本発明は、高い収率で、変性度が低く抑えられたリグニンが得られる、リグニン含有組成物の製造方法の提供を課題とする。
【0005】
本発明は、
草本系バイオマスと塩基性化合物と水とをニーダーにより50℃以上130℃以下で混合する工程と、
前記混合する工程で得られた草本系バイオマスを、固形分とリグニンを含有する液分とに分離する工程と、
を有する、リグニン含有組成物の製造方法に関する。
【発明の効果】
【0006】
本発明によれば、高い収率で、変性度が低く抑えられたリグニンが得られる、リグニン含有組成物の製造方法の提供することができる。
【図面の簡単な説明】
【0007】
【
図2】
図2は、固定ブロックブレードの配置を示すニーダーの断面概略図である。
【
図3】
図3は、ニーダー1の概略構成を示す拡大図である。
【0008】
[リグニン含有組成物の製造方法]
本発明のリグニン含有組成物の製造方法は、
草本系バイオマスと塩基性化合物と水とをニーダーにより50℃以上130℃以下で混合する工程と、
前記混合する工程で得られた草本系バイオマスを、固形分とリグニンを含有する液分とに分離する工程と、
を有する。
【0009】
本発明の方法によって、高い収率で、変性度が低く抑えられたリグニンが得られる理由は定かではないが、次のように考えられる。
従来の方法では、高温での処理であるためにリグニン内部の有用な構造が分解、縮合するために変性する。
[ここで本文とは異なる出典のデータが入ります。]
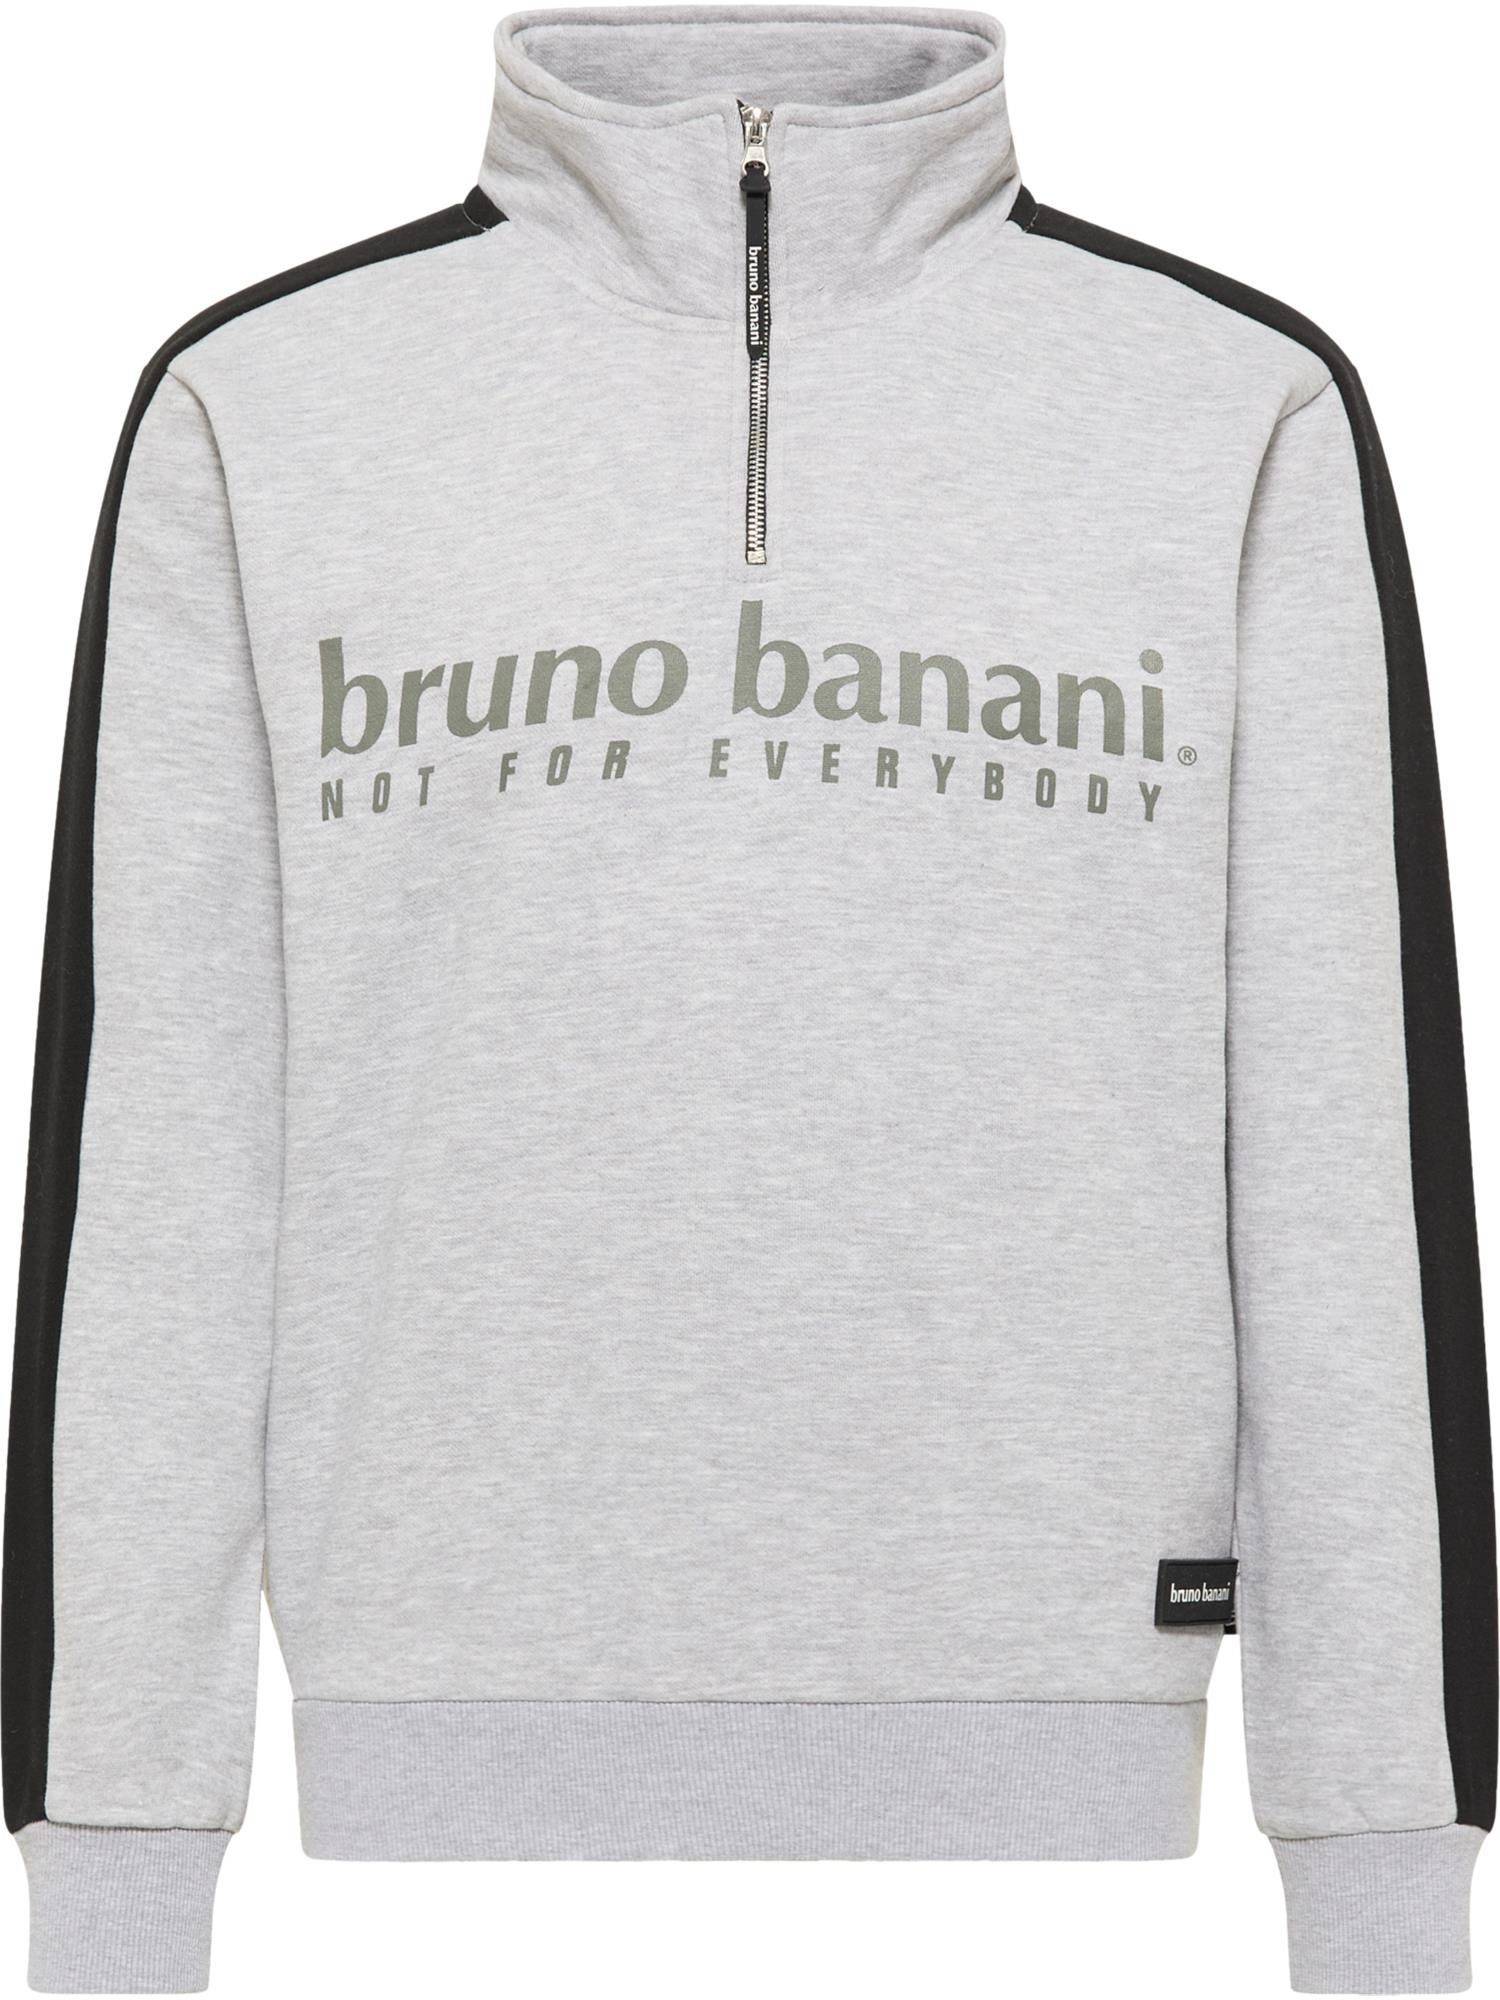 Sweatshirt ANTHONY Banani Bruno

それに対し、低温での処理では、リグニン内部構造が保持されるため変性度が低いリグニンを得られると考えられる。また、ニーダーなどの機械的効果により圧縮と緩和を繰り返すことによって、薬液をバイオマス内部まで浸透させることが出来るため、バイオマス濃度が高い条件でも高い収率でリグニンを分離することが可能である。
【0010】
本発明のリグニン含有組成物の製造方法は、例えば、
工程(1):草本系バイオマスを、粉砕する工程(以下、単に「工程(1)」ともいう)と、
工程(2):工程(1)で得られた草本系バイオマスと塩基性化合物と水とをニーダーにより50℃以上130℃以下で混合する工程(以下、単に「工程(2)」ともいう)と、
工程(3):工程(2)で得られた草本系バイオマスを、固形分とリグニンを含有する液分とに分離する工程(以下、単に「工程(3)」ともいう)と、
工程(4):リグニンを含有する液分からリグニン含有組成物を回収する工程(以下、単に「工程(4)」ともいう)と、
を有する。
以下、工程(1)で得られた草本系バイオマスを「一次処理バイオマス」ともいう。
以下、工程(2)で得られた草本系バイオマスを「二次処理バイオマス」ともいう。
【0011】
<工程(1)>
工程(1)は、草本系バイオマスを、粉砕する工程である。
【0012】
〔草本系バイオマス〕
本発明の方法では、植物系バイオマスとして草本系バイオマスが用いられる。一般的に、植物系バイオマスは、セルロース、へミセルロース、及びリグニン等を含有する。草本系バイオマスに対して、工程(1)の粉砕又は工程(2)の塩基性化合物との混合を行うことでリグニンの脱離効果が得られやすくなる。
【0013】
草本系バイオマスとしては、例えば、サトウキビバガス、ソルガムバガス等のバガス、スイッチグラス、エレファントグラス、コーンストーバー、イナワラ、ムギワラ、オオムギ、ススキ、芝、ジョンソングラス、エリアンサス、ケナフ、ネピアグラス、及びパームヤシ空果房が挙げられる。これらの中でも、原料調達の容易性の観点から、バガスが好ましく、サトウキビバガスがより好ましい。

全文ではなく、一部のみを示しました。